The St. Stefan Church or the so-called New Bishops Residence was built in 10th century, too, and is situated in the vicinity of the harbour. It is three-nave. The exterior decoration is so picturesque that it marked the beginning of the future typical style of Nessebur expressed in the construction and decoration of churches of later times. The facade of the church is ornamented with built-in meanders of glazed ceramic figures of different colours, maiolicas and enamelled tiles that at the same time adorn and distinguish the architectural components. The main frescoes here were painted in 14th-15th centuries. The bishops throne and the altar were made of wood later in 17th century.

The subsequent picturesque style was best illustrated in the St. Todor Church; however only two facades have been preserved in their initial style. Today it has been restored, but the preserved decoration elements are unique in shape, colour, and variety of component combination. The St. Paraskeva Church was built in the same style. It is a small one-nave church. The ornaments match the architectonics of the building in a most natural way. Consoles with tiny arches slightly support the upper part of the dome and resemble childrens sandcastle. The St. St. Archangels Michail and Gavrail Church used to have a dome; its remains evidence of an interesting project and excellent performance. The restoration enables the tourists see the architectural conception in the typical picturesque style.

In the ideal centre of the town itself is the Pantocrator Church with domes on a rectangular foundation. The St. Yoan Aliturgetos Church is considered to be the most beautiful one perched high above the harbour. It has three naves and the decoration of the facades is of unique beauty, particularly the eastern one facing the sea.

The remains of many parts of fortress walls have been found as well as the square turret, the round turret, a large part of the authentic medieval street pavement, and some of the Roman and Greek pavements, fortifications of different times and epochs, remains of administrative and other kinds of buildings. In spite of its small size the town is ever surprising tourists with the antiquities appearing all over the place.

During the Turkish rule only one church was built in 17th century the St.

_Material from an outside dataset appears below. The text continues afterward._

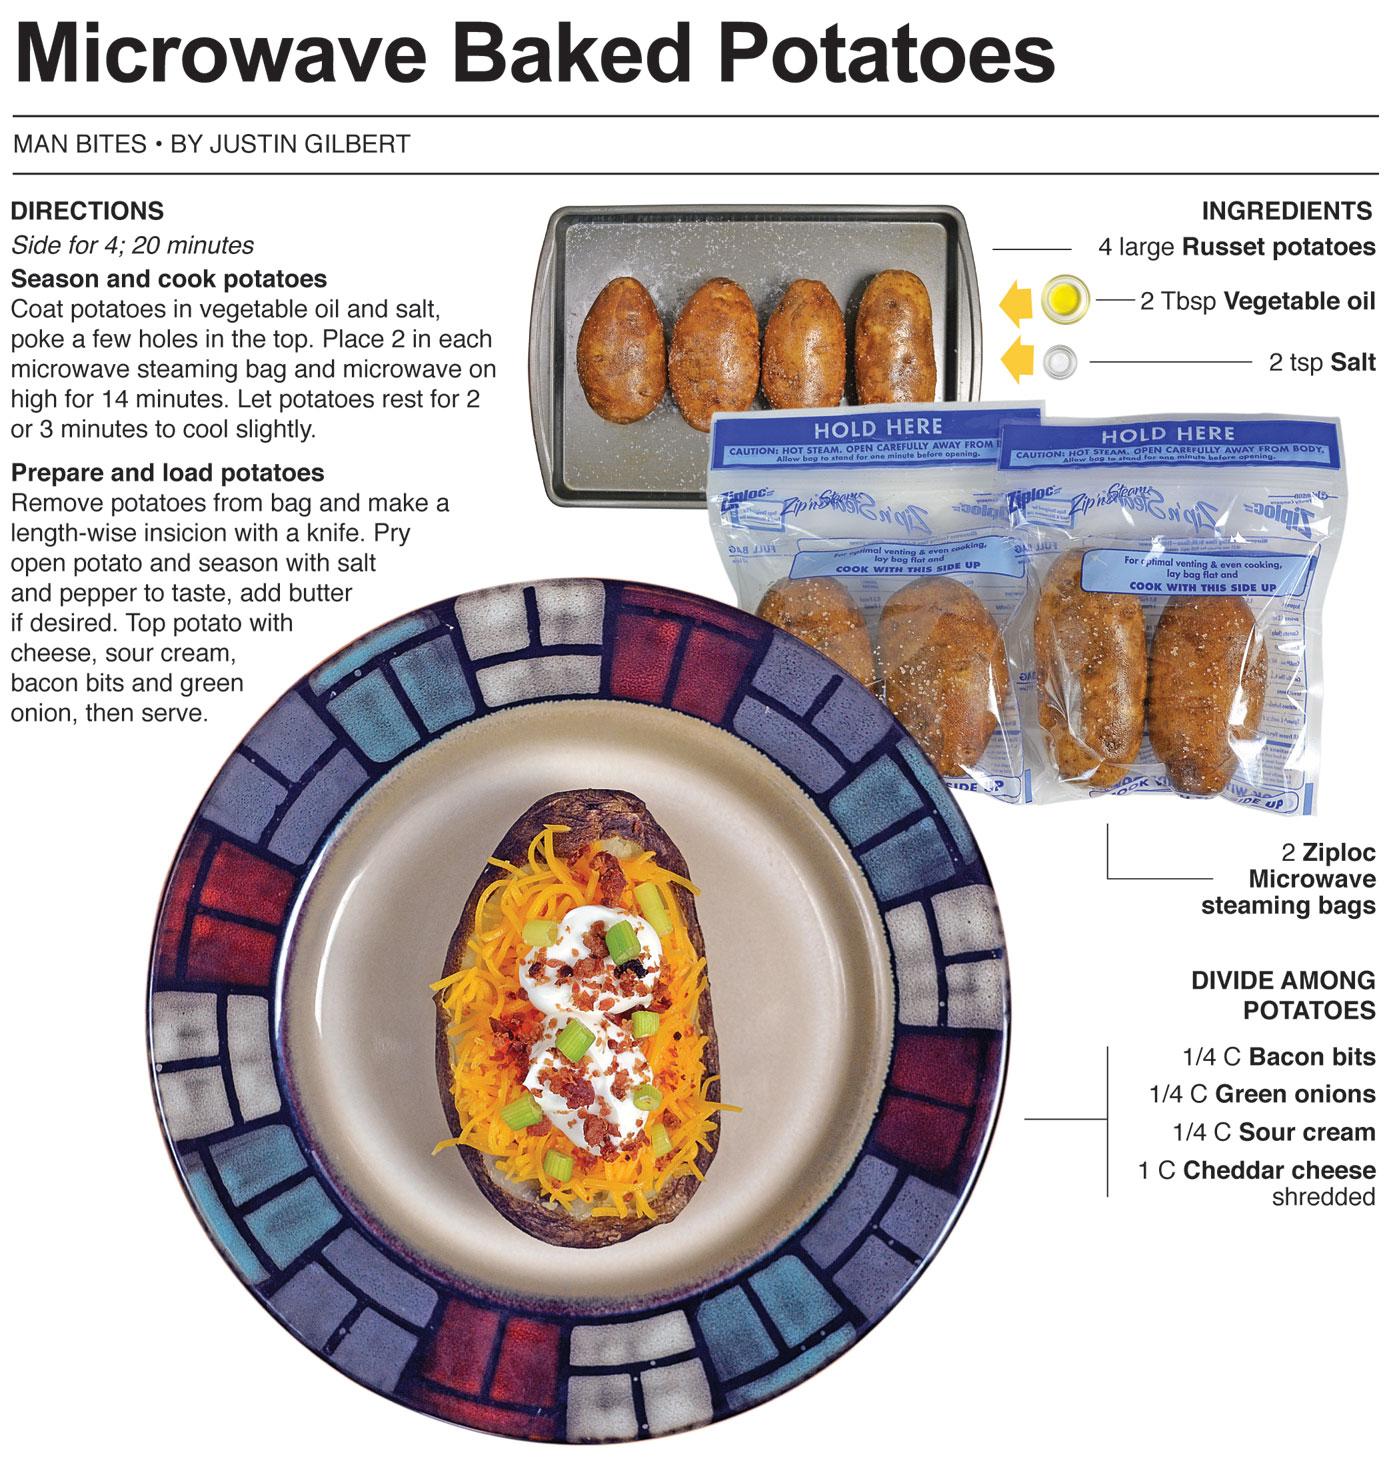 Behind The Bites: Microwave Bake Potatoes

Spas Church. The typical houses of Nessebur built in the unique style of 16th-19th centuries are interesting architectural monuments. So are the houses of Diamanti and that of Panayot Mouskoyani, which hosts an ethnographic exhibition, and that of Captain Pavel. The whole ensemble of the old quarters of Nessebur shows remarkable taste and mastership in the construction of houses, stone walls, and streets. The Turkish bath and the windmill at the beginning of the causeway are of particular interest.